“Сustody” and “access” to children

In days gone by there was a perception that divorcing parties went to war over what was termed “custody” and “access” to children. Those terms no longer exist and a Court may make orders pertaining to “live with” and “spend time with” , terms which are much more user friendly. It is usual , but not always the case, that young children live with mother and spend time with father. Sometimes there will be a shared order, but the Courts are keen that children  have a clear perception of where their “main” home is.

The views of the children are taken into account to a degree especially as they approach their teenage years. A “ wishes and feelings” report may be commissioned by the Court. But what a young child states that he or she wants is not necessarily what is best for them. Parties are encouraged to decide what is best for the children as between themselves – the view is that even though they cannot get on as husband and wife, they should endeavour to co parent as mother and father. Thus the “no order” principle came into being. Unless it can be shown that it is manifestly better for there to be an order, rather than no order at all, the Courts will leave well alone. There is no hard and fast rule about this – each case will be decided on it’s own merits.
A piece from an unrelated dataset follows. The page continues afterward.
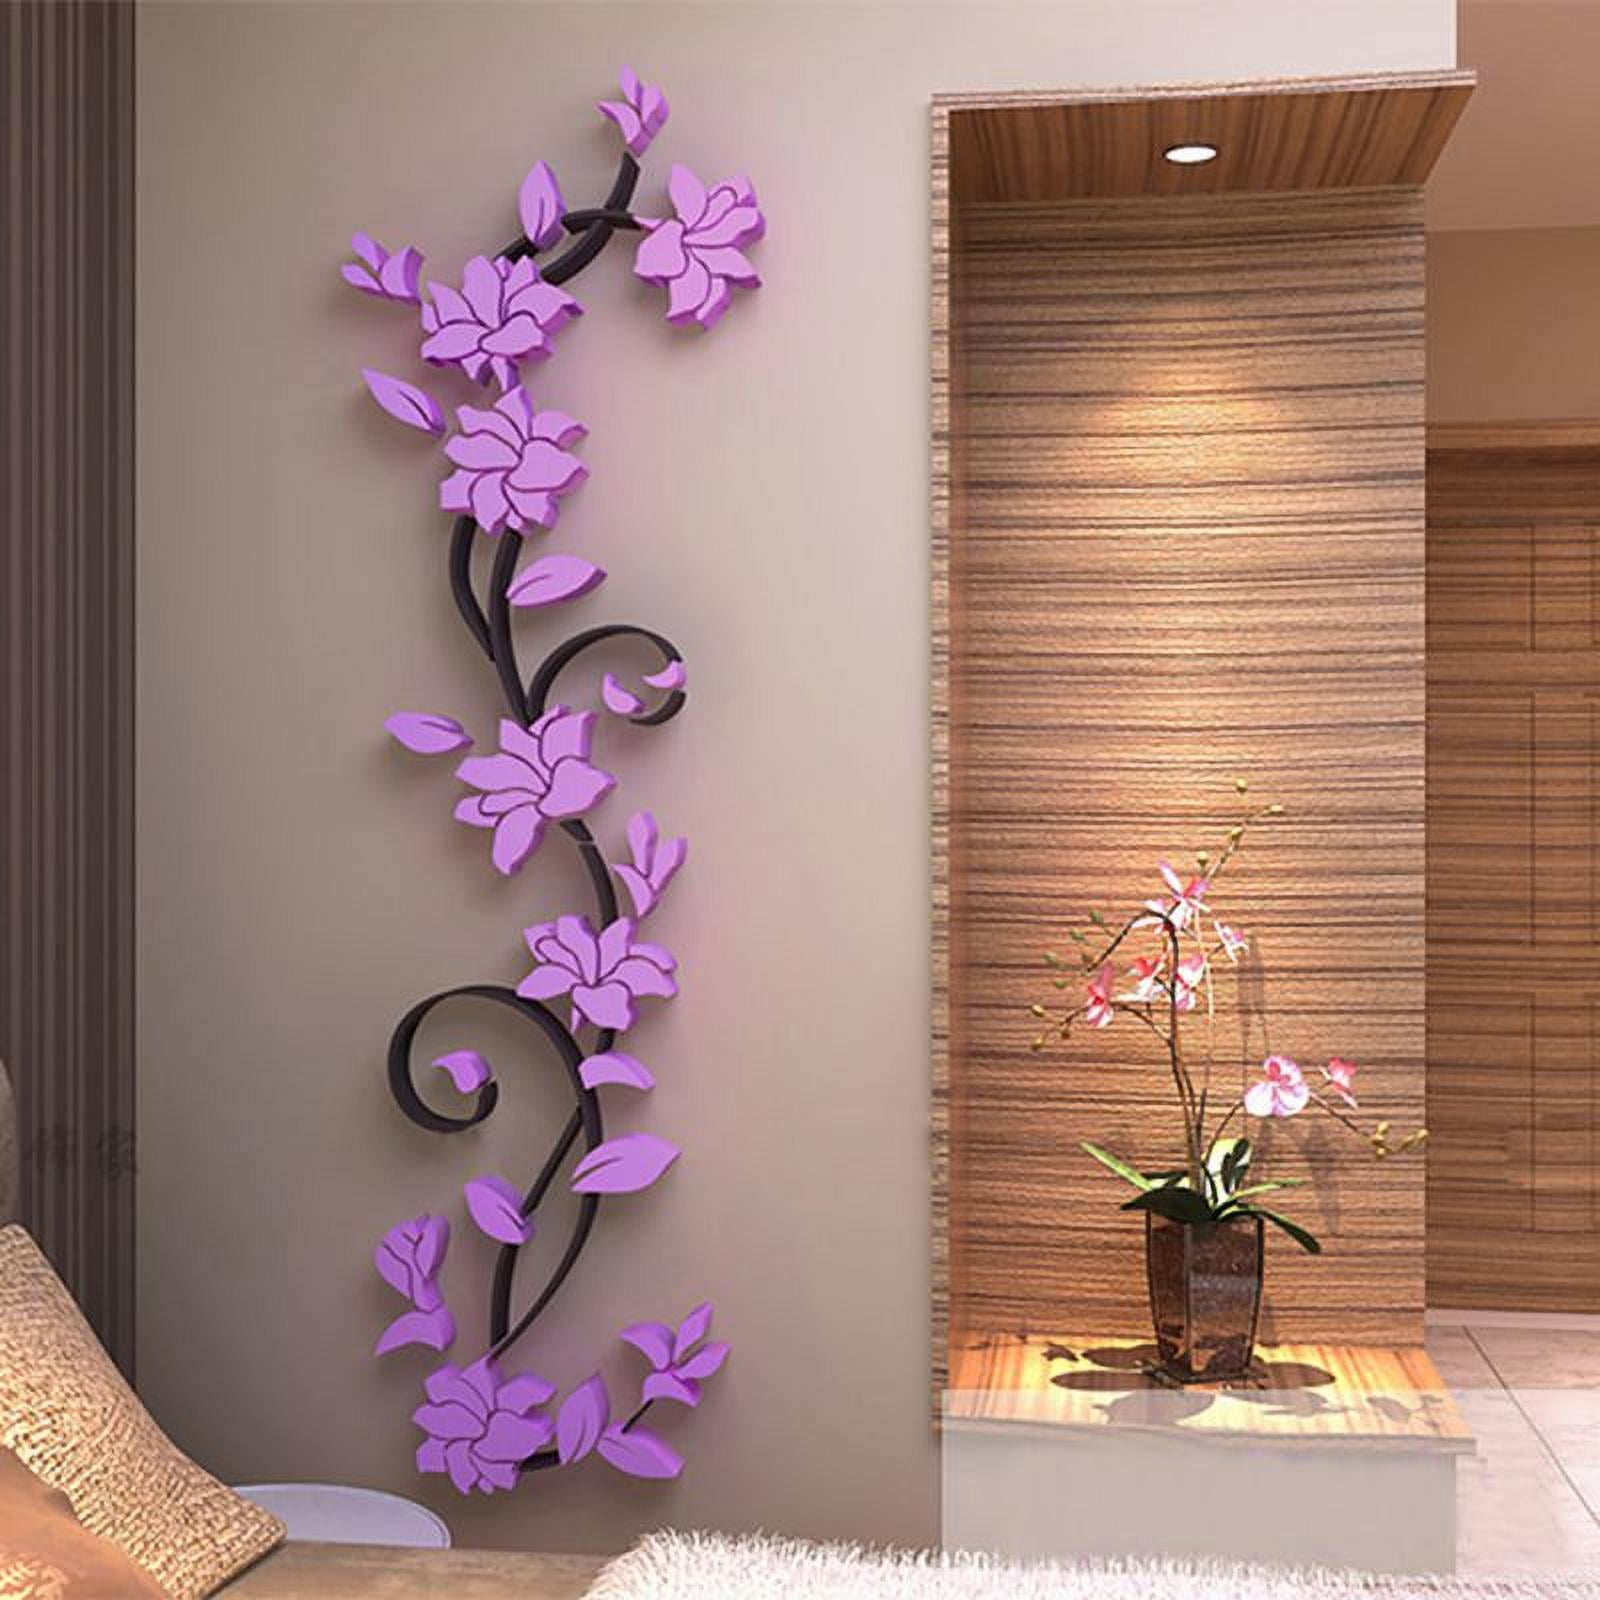 DIY Tree Flower Rattan Art Decal Refrigerator Sticker Wall Stickers Home Decor

The powers of the Court still exist to regulate other situations such as where the children will be schooled ie a faith school, private school or otherwise, and for example, whether the party who does not have day to day care of the children can remove them from the jurisdiction. Usually no permission is needed for a holiday up to 28 days provided it can be shown that the children and the party travelling with them have roots in the UK, a return ticket and have provided an address and phone number whilst overseas. Otherwise, a Court will decide what is  best for the children. These orders are called “specific issue” orders, and as the name suggests, they exist to deal with specific issues which may arise between the parties.

The issue of child maintenance is a difficult one. The Child Maintenance Service deals with these matters. However it is possible for there to be an agreement within the divorce proceedings for an agreed monthly sum to be paid. The Court cannot rule on this if not agreed. However there are provisions for lump sums for children to cover capital expenditure  such as school/university fees under Schedule 1 of the Children Act 1989. These are separate from the finances within a divorce.

To a very large extent the emphasis has been shifted to the parties to regulate their children’s lives without reliance upon judicial guidance.